Researchers have combined computer science and chemistry to create deep learning algorithm that could work off small amounts of data and solve problems in drug development.
Artificially intelligent (AI) algorithms can learn to identify amazingly subtle information, enabling them to distinguish between people in photos or to screen medical images as well as a doctor. However, such feats relies on training that involves thousands to trillions of data points in most cases and AI doesn't work all that well in situations where there is very little data, such as drug development.
Vijay Pande, professor of chemistry at Stanford University, and his students thought that a fairly new kind of deep learning, called one-shot learning, that requires only a small number of data points might be a solution. "We're trying to use machine learning, especially deep learning, for the early stage of drug design," said Pande. "The issue is, once you have thousands of examples in drug design, you probably already have a successful drug."
By applying one-shot learning to drug design problems, as the data was likely too limited, their findings published Monday in ACS Central Science show that the methods have potential as a helpful tool for drug development and other areas of chemistry research.
To make molecular information more digestible, the researchers first represented each molecule in terms of the connections between atoms. This step highlighted intrinsic properties of the chemical in a form that an algorithm could process.
With these graphical representations, the group trained an algorithm on two different datasets -- one with information about the toxicity of different chemicals and another that detailed side effects of approved medicines.
From the first dataset, they trained the algorithm on six chemicals and had it make predictions about the toxicity of the other three. Using the second dataset, they trained it to associate drugs with side effects in 21 tasks, testing it on six more.
In both cases, the algorithm was better able to predict toxicity or side effects than would have been possible by chance. "We worked on some prototype algorithms and found that, given a few data points, they were able to make predictions that were pretty accurate," Bharath Ramsundar, who is a graduate student in the Pande lab and co-lead author of the study, was quoted as saying in a news release from Stanford, a private school in Northern California on the U.S. West Coast.
However, Ramsundar cautioned that this isn't a "magical" technique.
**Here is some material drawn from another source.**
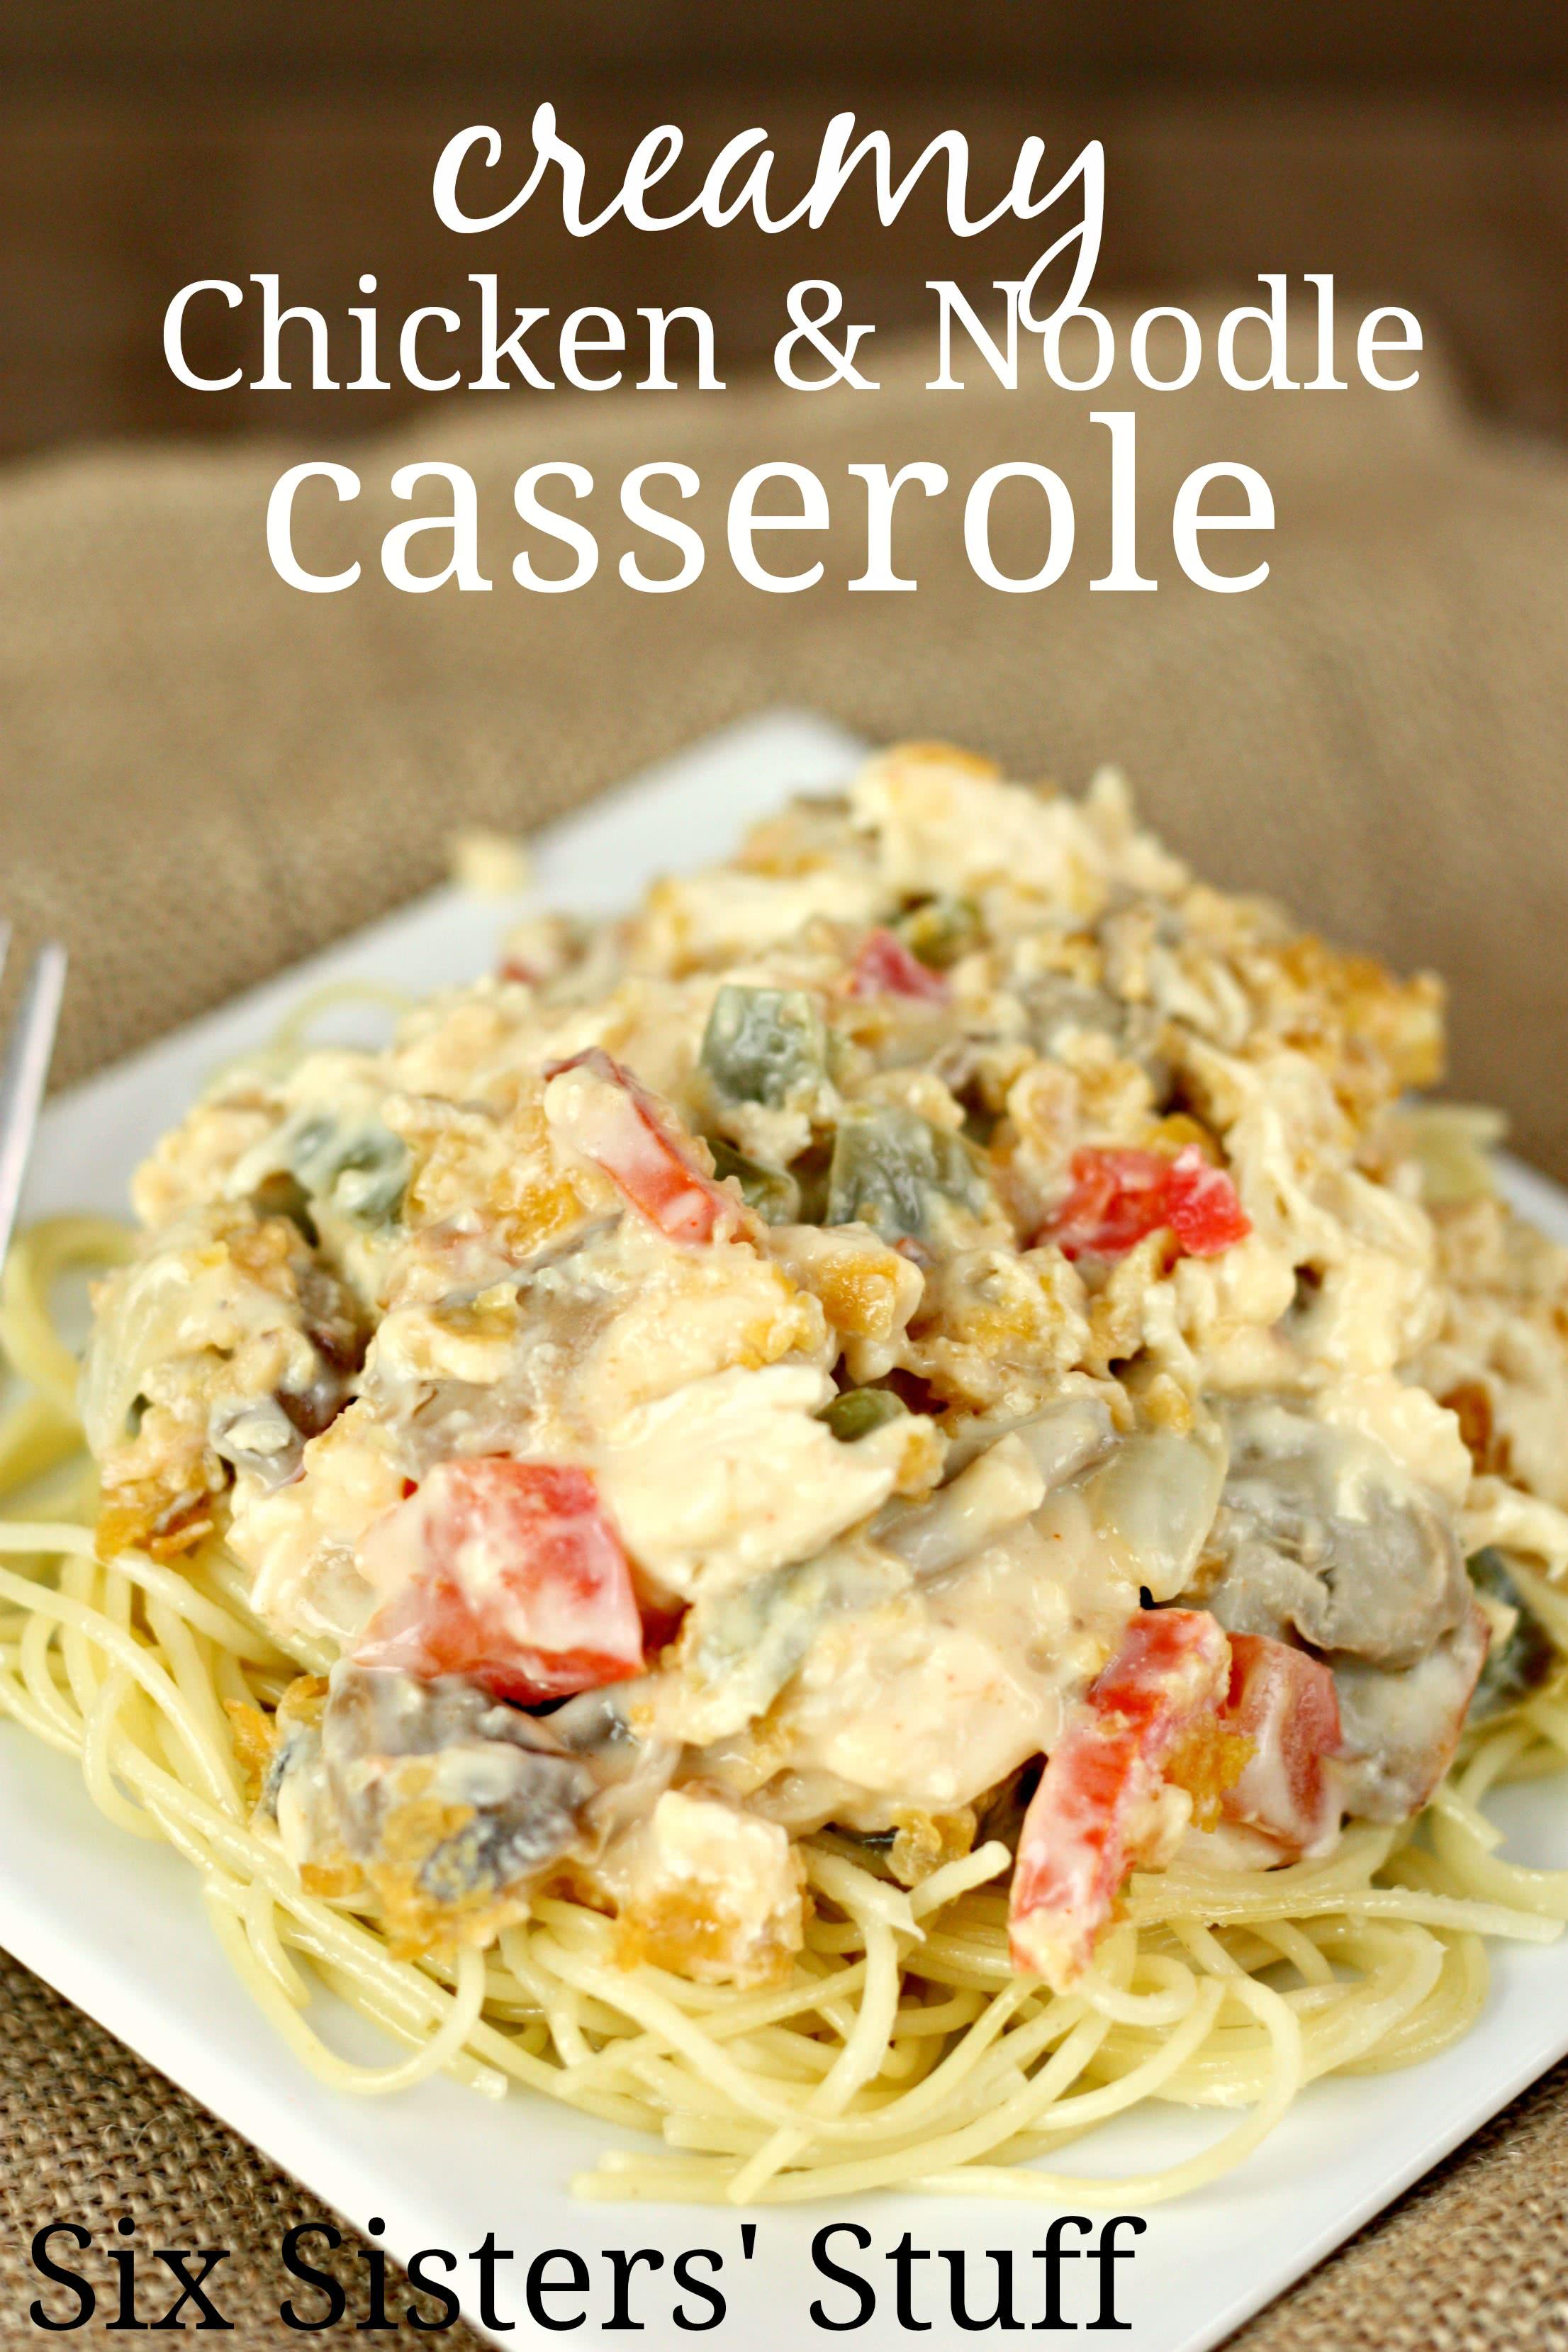 Creamy Chicken and Noodle Casserole

It was built off of several recent advances in a particular style of one-shot learning and it works by relying on the closeness of different molecules, as indirectly indicated by their formula. For example, when the researchers trained their algorithm on the toxicity data and tested it on the side effect data, the algorithm completely collapsed.
The researchers envision this as groundwork for a potential tool for chemists who are early in their research and trying to choose which molecule to pursue from a set of promising candidates. "Right now, people make this kind of choice by hunch," Ramsundar said. "This might be a nice compliment to that: an experimentalist's helper."
Beyond giving insight into drug design, this tool would be broadly applicable to molecular chemistry. Already, the Pande lab is testing these methods on different chemical compositions for solar cells. They have also made all of the code they used for the experiment open source, available as part of the DeepChem library.
"This paper is the first time that one-shot has been applied to this space and it's exciting to see the field of machine learning move so quickly," he said.